Delivery plan for recovering urgent and emergency care services

Classification: Official
Publication reference: PR2034


  • All integrated care board and trust
    • Chief executives
    • Medical directors
    • Chief nurses
    • Directors of finance
    • Chief people officers
    • Chief operating officers


  • ICB and trust chairs
  • Regional:
    • directors
    • directors of commissioning
    • directors of system transformation

Dear colleagues

Delivery plan for recovering urgent and emergency care services

Today we have published the joint NHS and DHSC Delivery Plan for Recovering Urgent and Emergency Care Services, a key commitment in the government’s Autumn Statement.

We want to begin by thanking you and your teams for your continued tireless efforts to provide the very best care for patients at a time of unprecedented challenge for the NHS and in an increasingly difficult environment.

Developed with the expertise and experience of a wide range of health and care partners, the plan sets out urgent actions to meet the current challenges facing the NHS, and also the first steps in transforming urgent and emergency care.

Our ambition is a health system that provides more and better care in people’s homes, gets ambulances to people more quickly when they need them, sees people faster when they go to hospital and helps people safely leave hospital having received the care they need.

Ultimately, we want everyone to get the very best urgent and emergency care, but we will particularly raise standards of quality and safety for the most vulnerable patients and their families, including older people living with frailty, children and young people, people with disabilities and people with mental health needs. And we recognise that meeting this ambition will mean increasing the size of the workforce, but also improving conditions for staff and enabling people to work more flexibly to meet the needs of patients.

The plan includes two ambitions for the next two years – a 30-minute mean response time for Category 2 ambulance and 76% performance in A&E wait times, measured through the 4-hour target. Meeting these ambitions on their own will not be enough. We need to make improvements across the patient pathway, including on 12-hour waits from arrival and on discharge from acute, community and mental health hospital settings.

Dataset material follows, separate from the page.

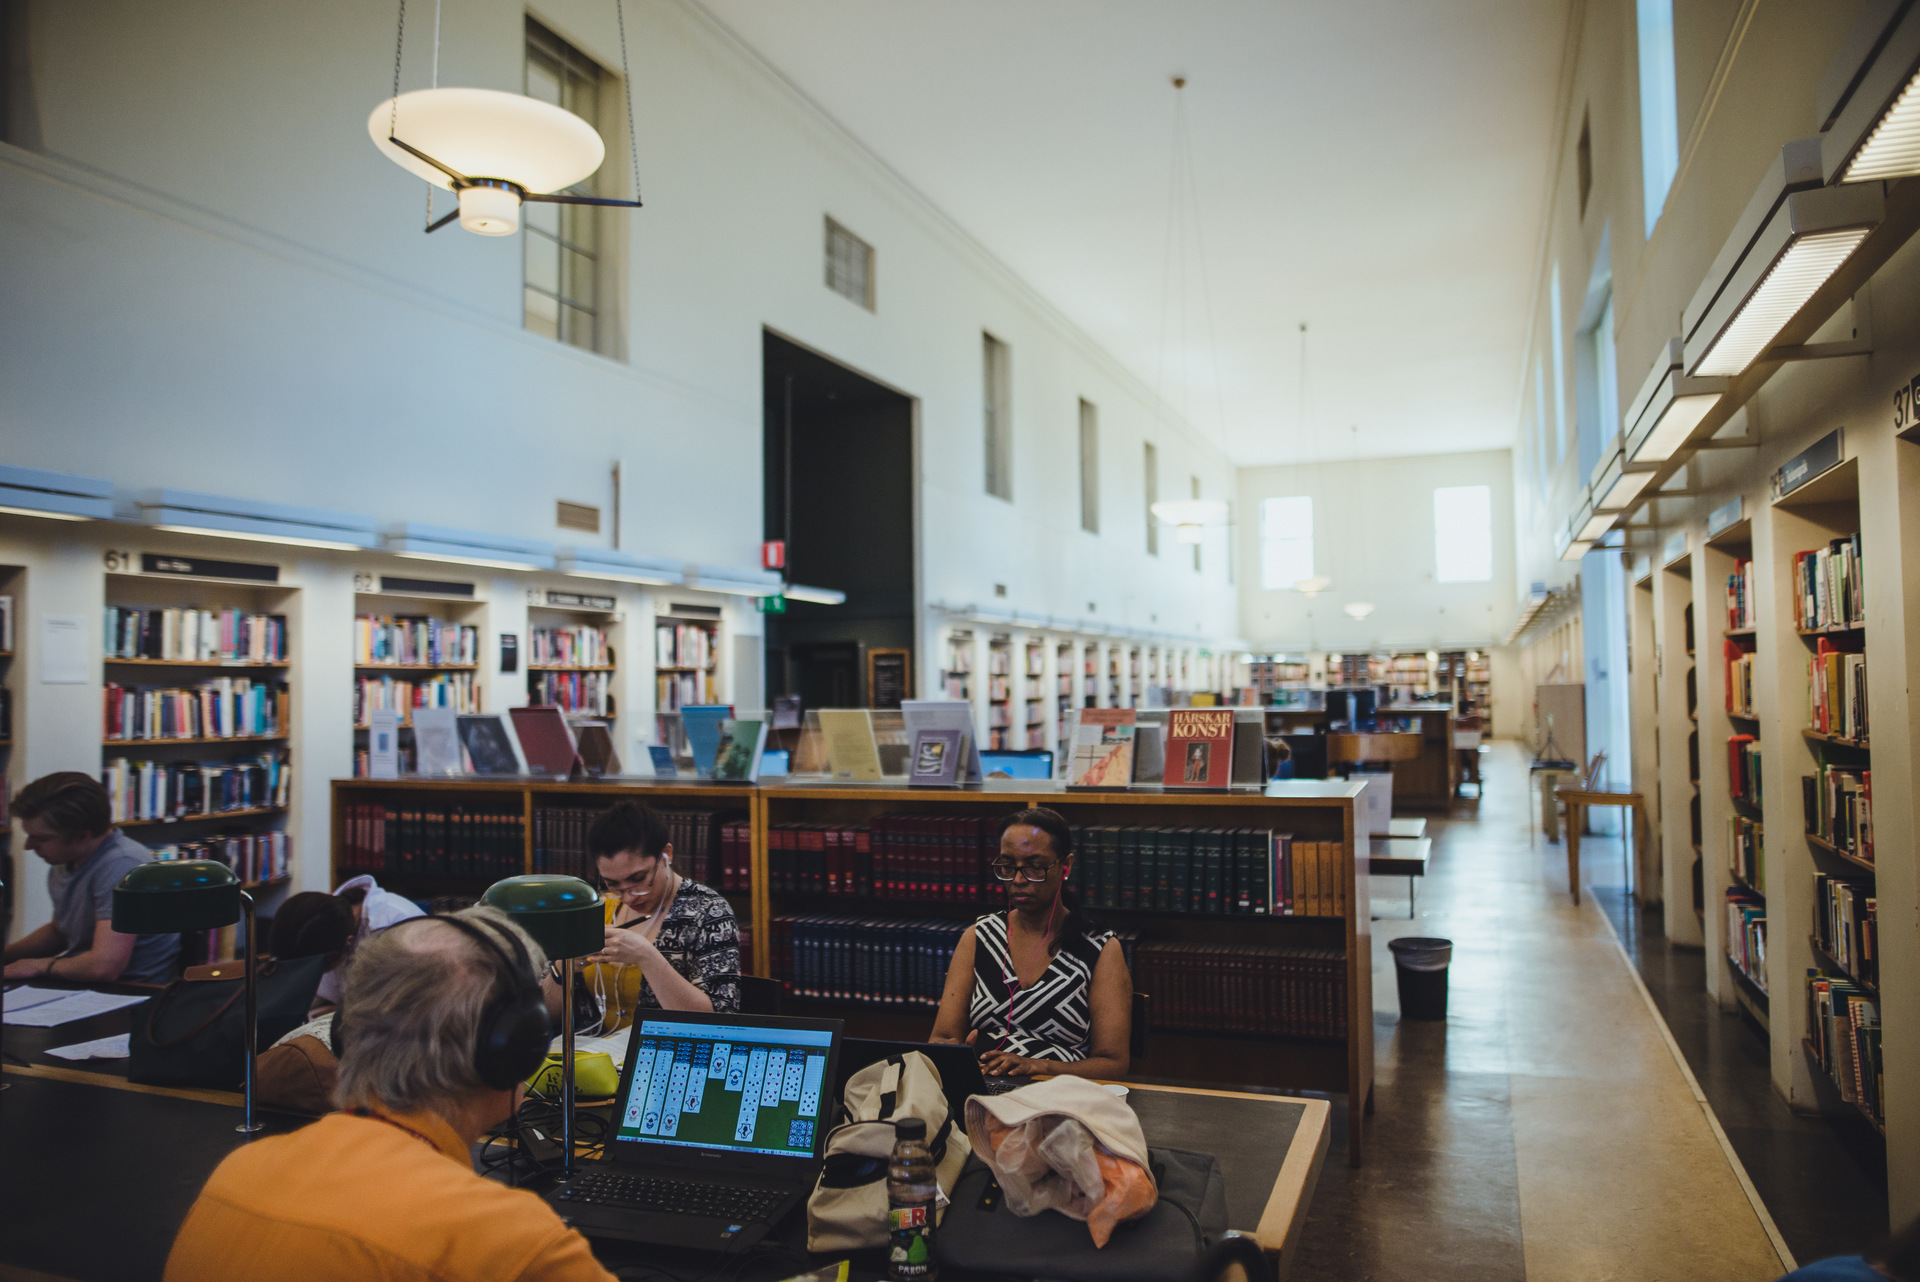 biblioteka w sztokholmie

In delivering this plan, we would expect all systems to move towards meeting these two performance ambitions, and for those systems already meeting the ambitions, we would expect to see continued improvement.

While we will need to increase capacity in hospitals and in UEC services, delivering this plan will need a truly cross-system approach, including in primary and community services, mental health, intermediate care and social care. It will require joint working across health and care, to ensure patients get the best care and to ensure patient flow through hospitals and into social care when needed.

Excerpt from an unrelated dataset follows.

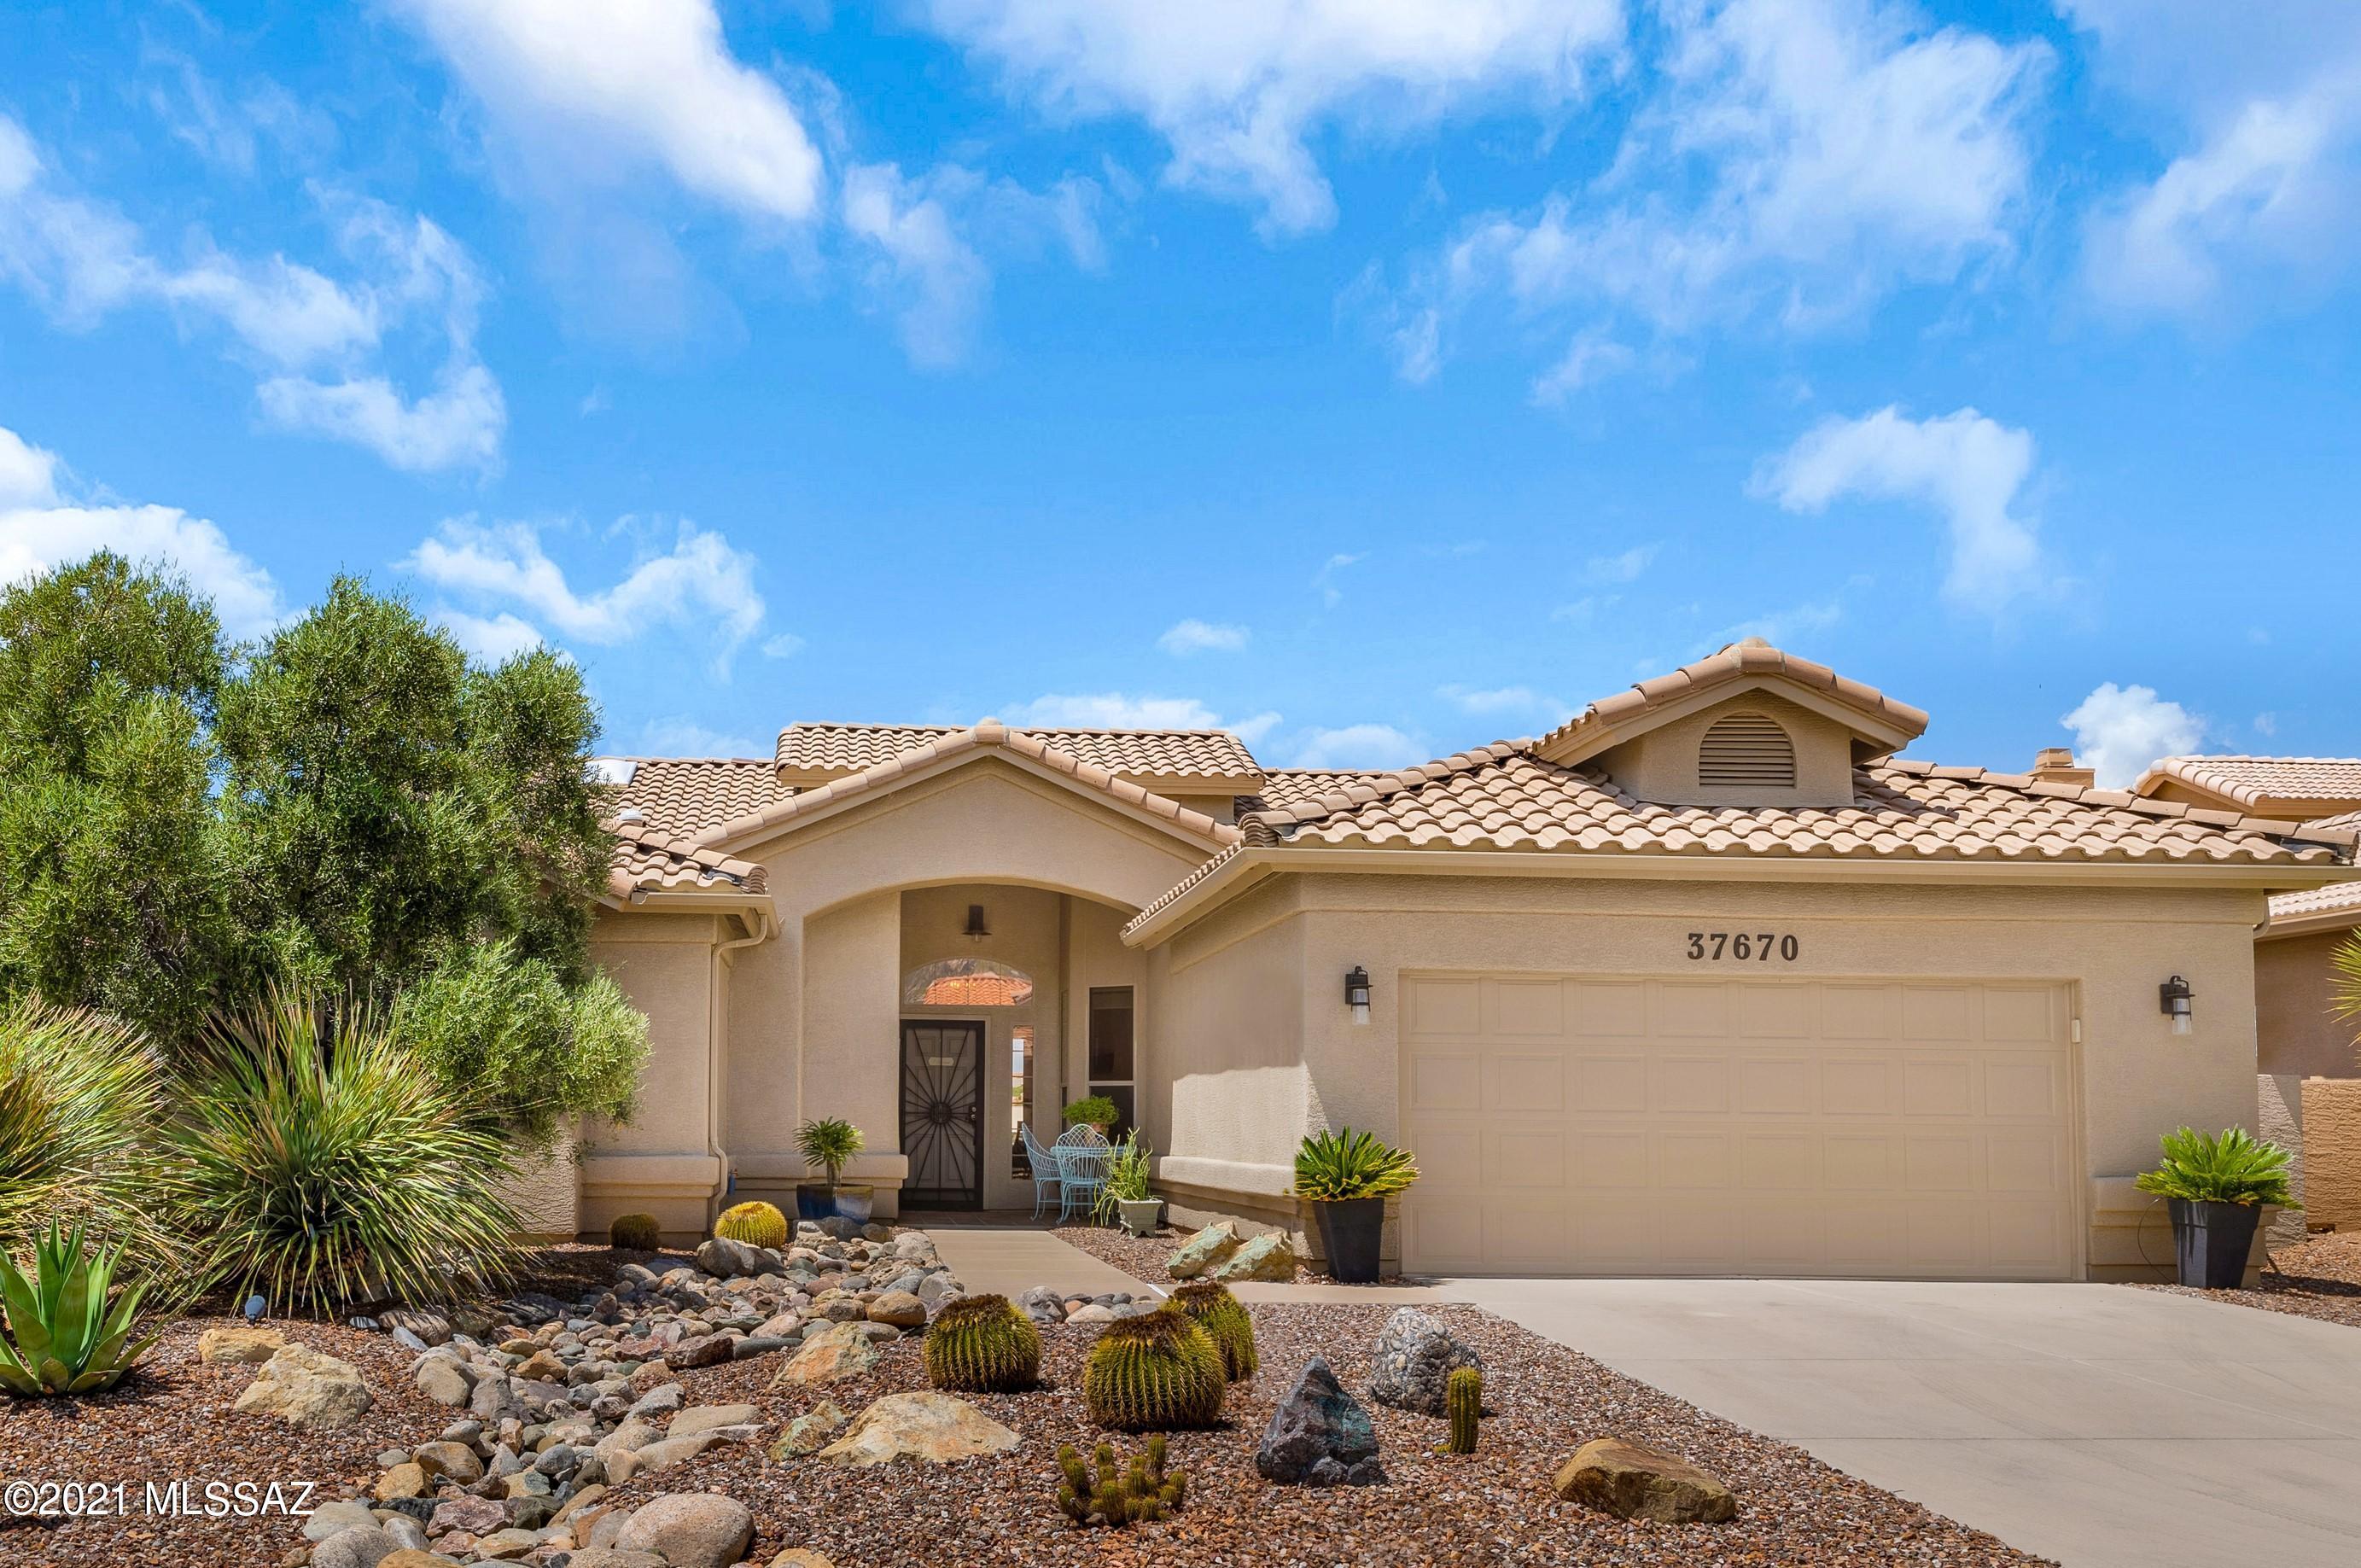 Photo of 37670 S Golf Course Drive, Saddlebrooke, AZ 85739

Building on the experience from this winter, the plan sets out actions across five key areas:

  1. Increasing capacity – investing in more hospital beds and ambulances, but also making better use of existing capacity by improving flow.
  2. Growing the workforce – increasing the size of the workforce and supporting staff to work flexibly for patients.
  3. Improving discharge – working jointly with all system partners to strengthen discharge processes, backed up by more investment in step-up, step-down and social care, and with a new metric based on when patients are ready for discharge, with the data published ahead of winter.
  4. Expanding and better joining up health and care outside hospital – stepping up capacity in out-of-hospital care, including virtual wards, so that people can be better supported at home for their physical and mental health needs, including to avoid unnecessary admissions to hospital.
  5. Making it easier to access the right care – ensuring healthcare works more effectively for the public, so people can more easily access the care they need, when they need it.

To support the recovery plan, the government has committed to additional targeted funding including:

  1. £1 billion of dedicated funding for 2023/24 to support capacity in urgent and emergency services, as set out in Planning Guidance, and to increase their overall capacity and support their staff.
  2. £1.6 billion of additional funding in the Adult Social Care Discharge Fund in 2023/24 and 2024/25, to be pooled into the Better Care Fund

Delivering this plan over the next two years will mean putting in place the fundamentals for improvement: accountability at every level, genuine transparency, on-the-ground support, and effective spread of best practice and innovation.

The actions set out in the plan provide the opportunity to take a cross-system approach to improving patient care, ensuring patients are able to access the right care, in the right place, in a timely way.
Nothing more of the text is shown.